## [GOAL OF THE EXERCISE]
Pictures are to be left out. Return exactly the lines below from the one with "К ШОС и БРИКС" up to and including the one with "Jak prawidłowo nałożyć".

Top of STORED DATA

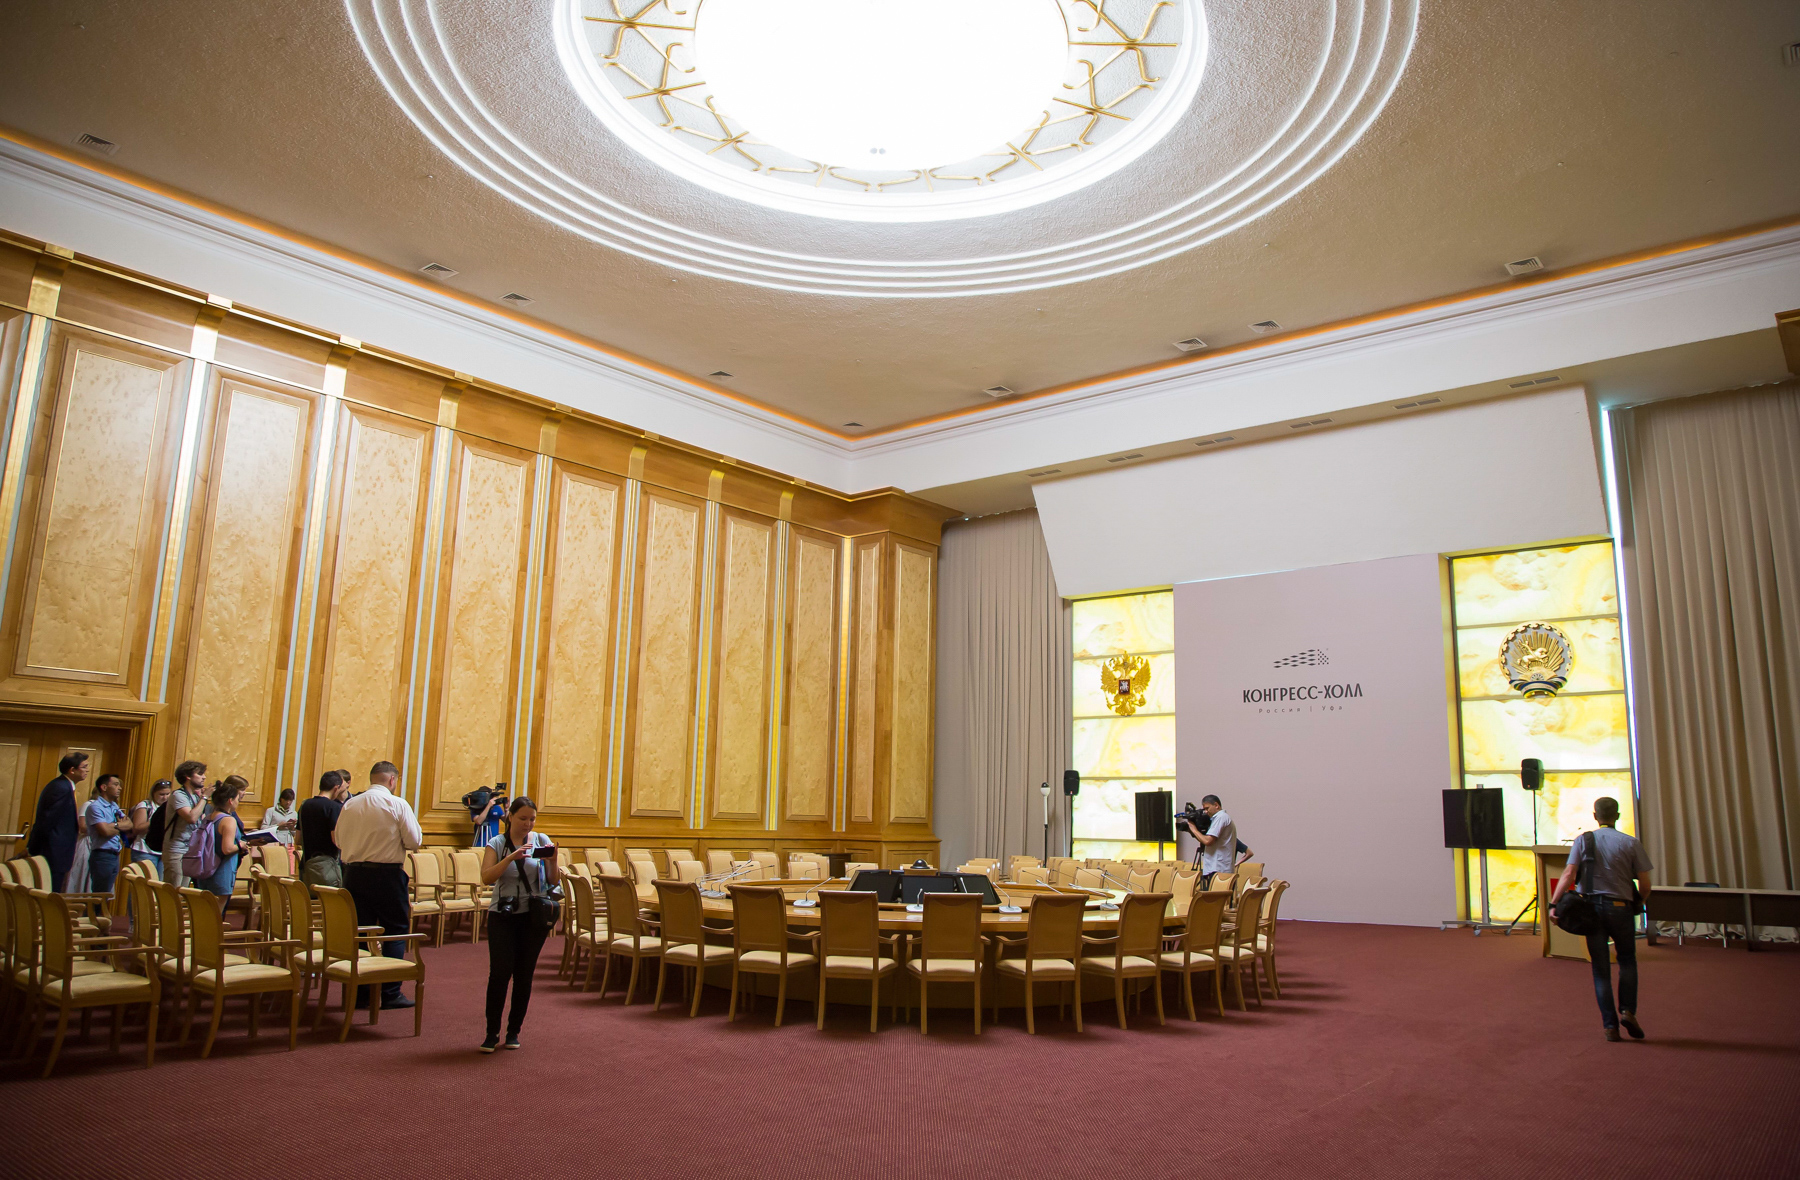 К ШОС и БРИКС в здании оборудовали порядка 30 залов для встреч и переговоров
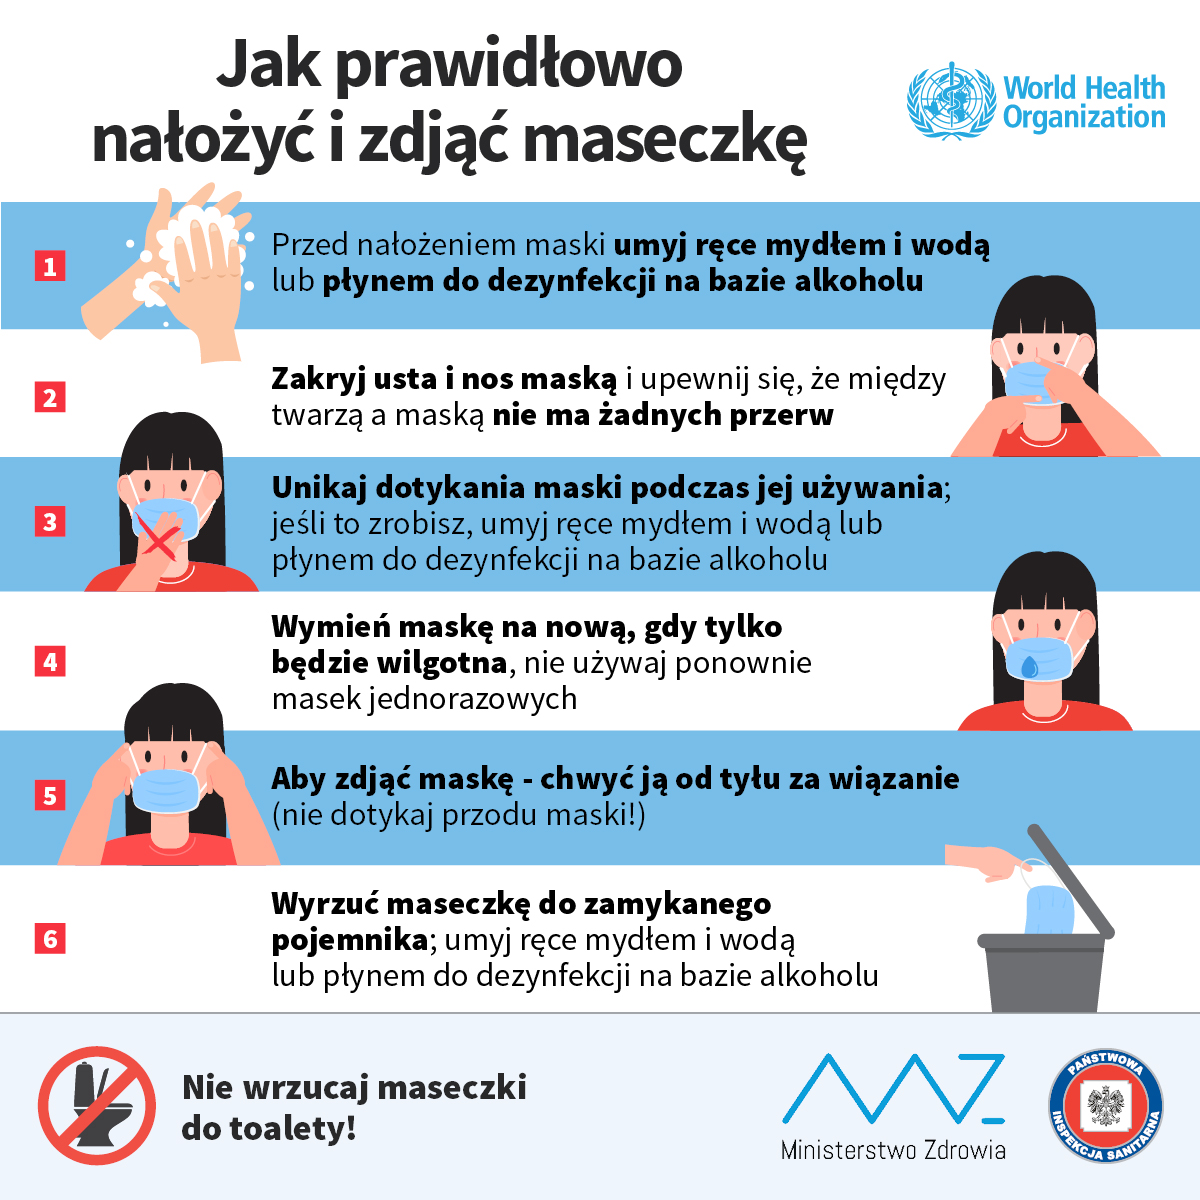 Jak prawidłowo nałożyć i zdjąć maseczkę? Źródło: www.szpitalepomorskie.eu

Bottom of STORED DATA
Top of STORED DATA

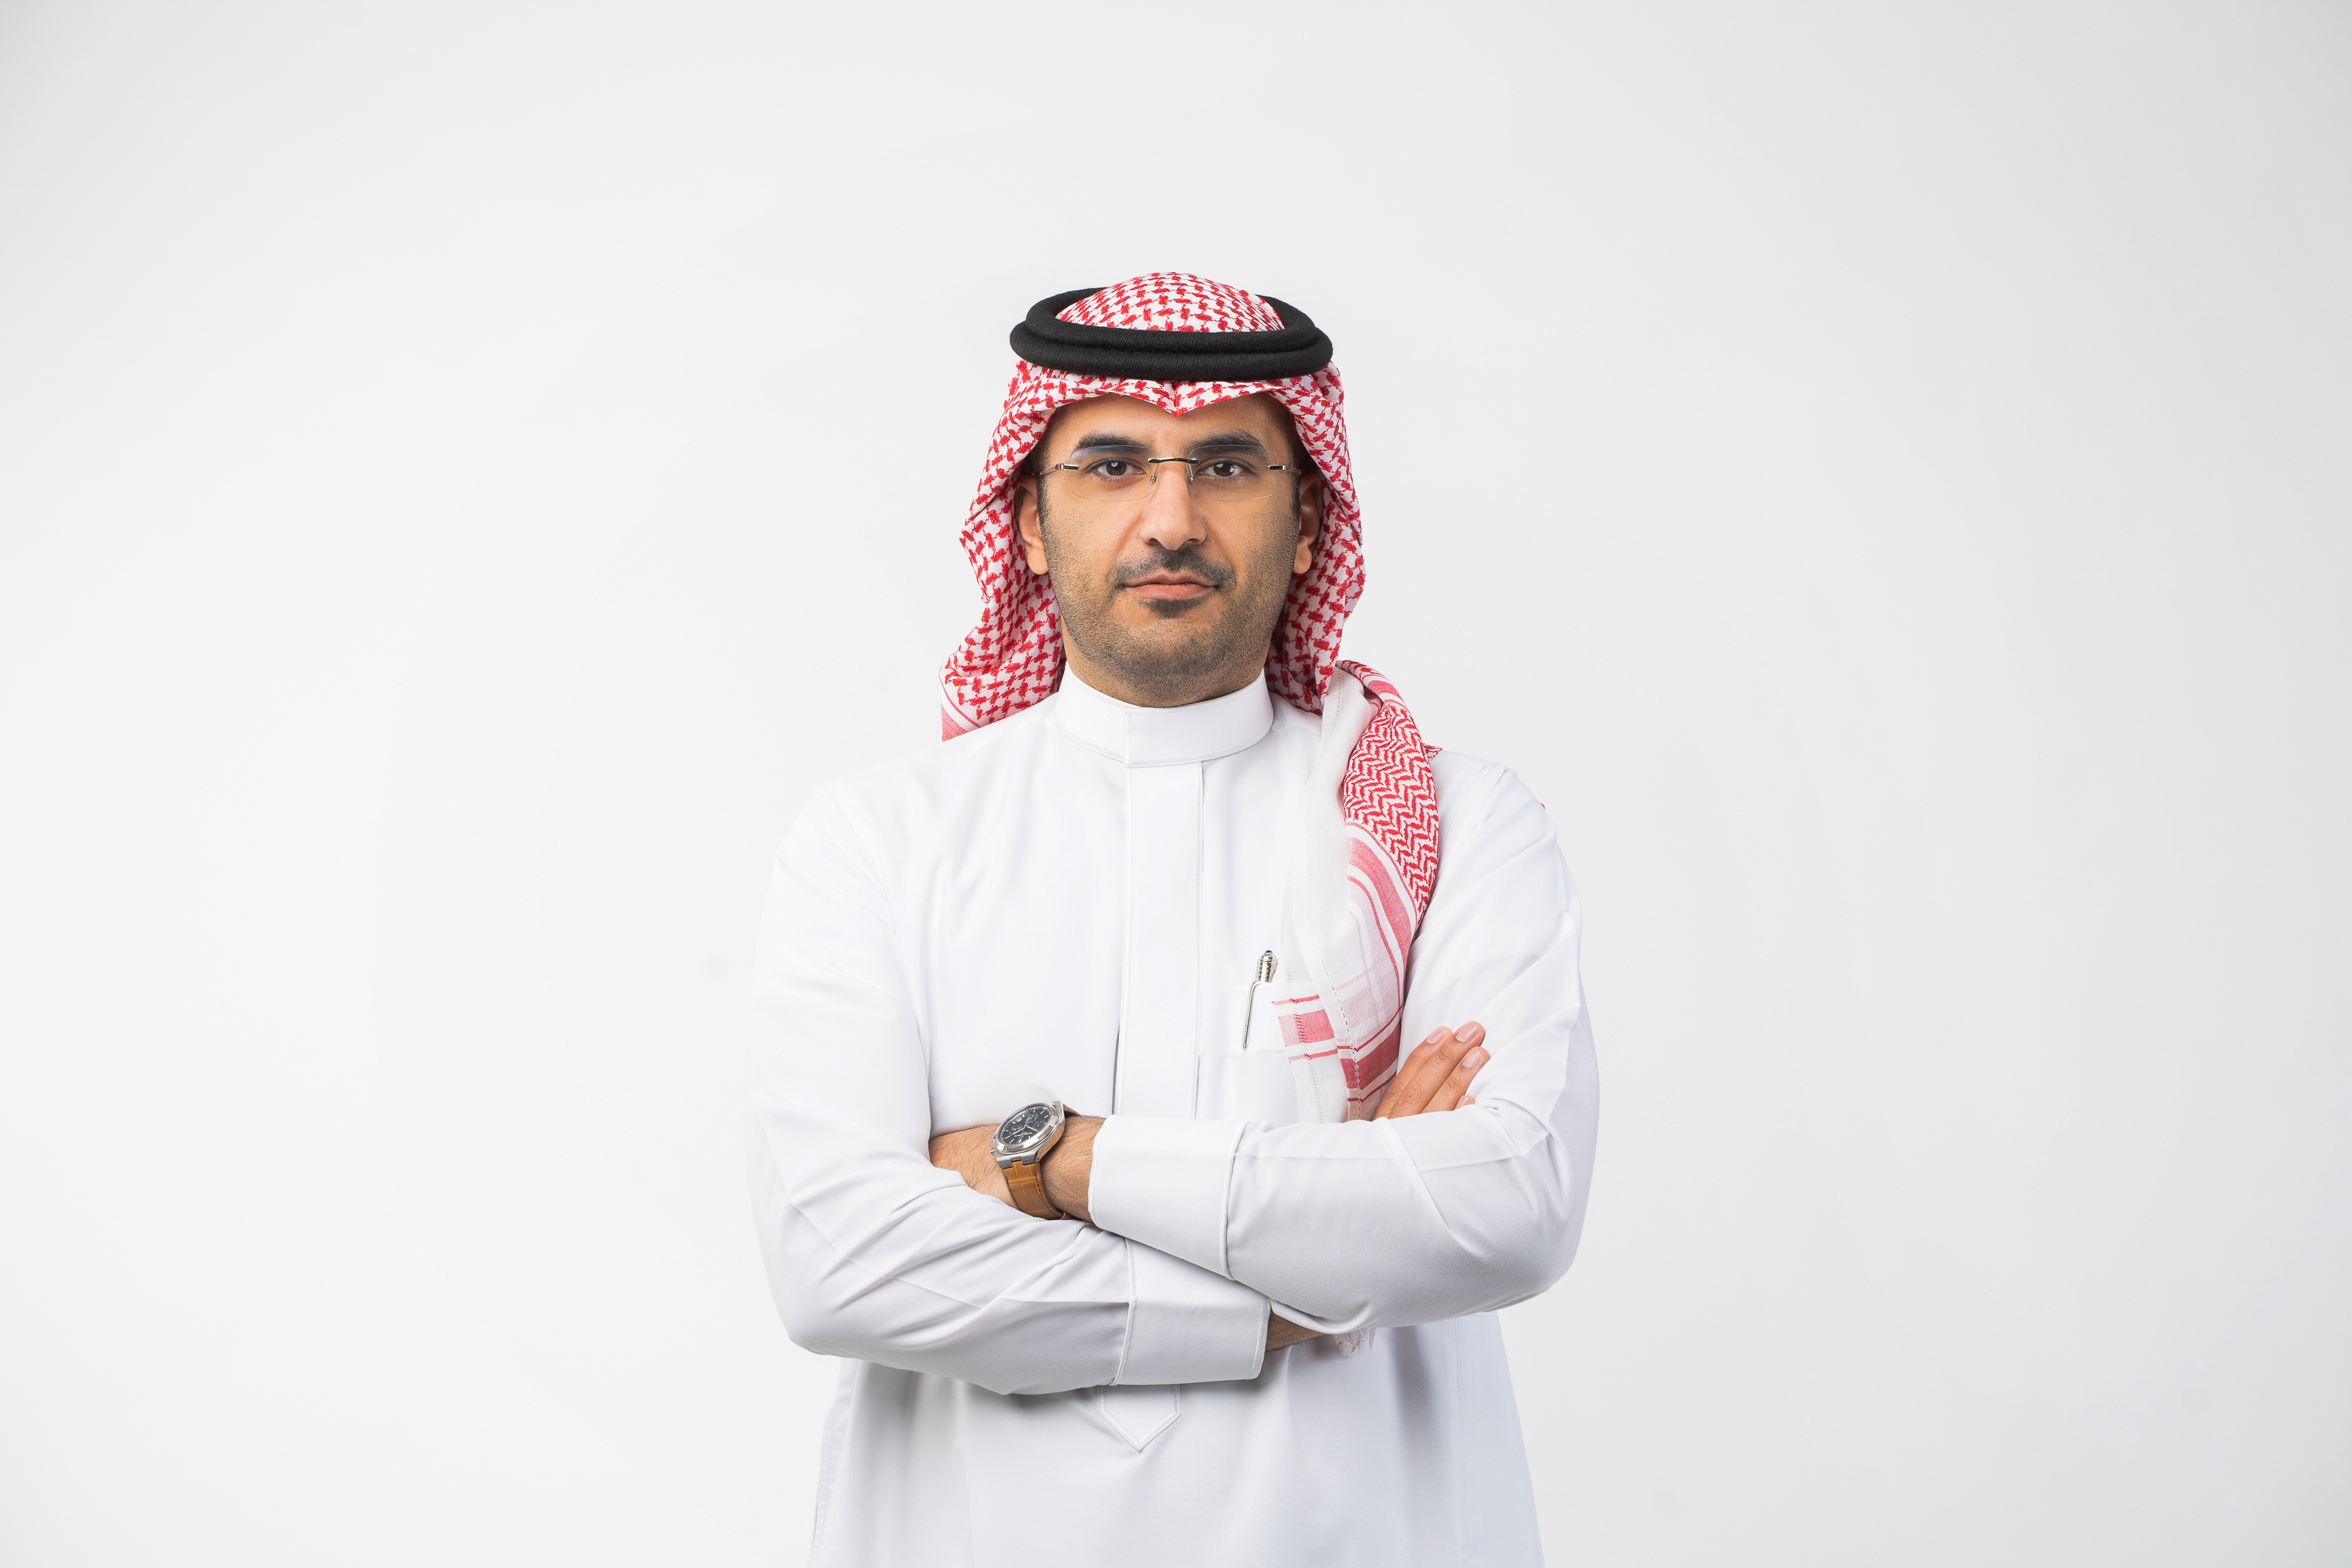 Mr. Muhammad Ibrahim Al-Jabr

Bottom of STORED DATA

## [RESPONSE BELOW]
 К ШОС и БРИКС в здании оборудовали порядка 30 залов для встреч и переговоров
 Jak prawidłowo nałożyć i zdjąć maseczkę? Źródło: www.szpitalepomorskie.eu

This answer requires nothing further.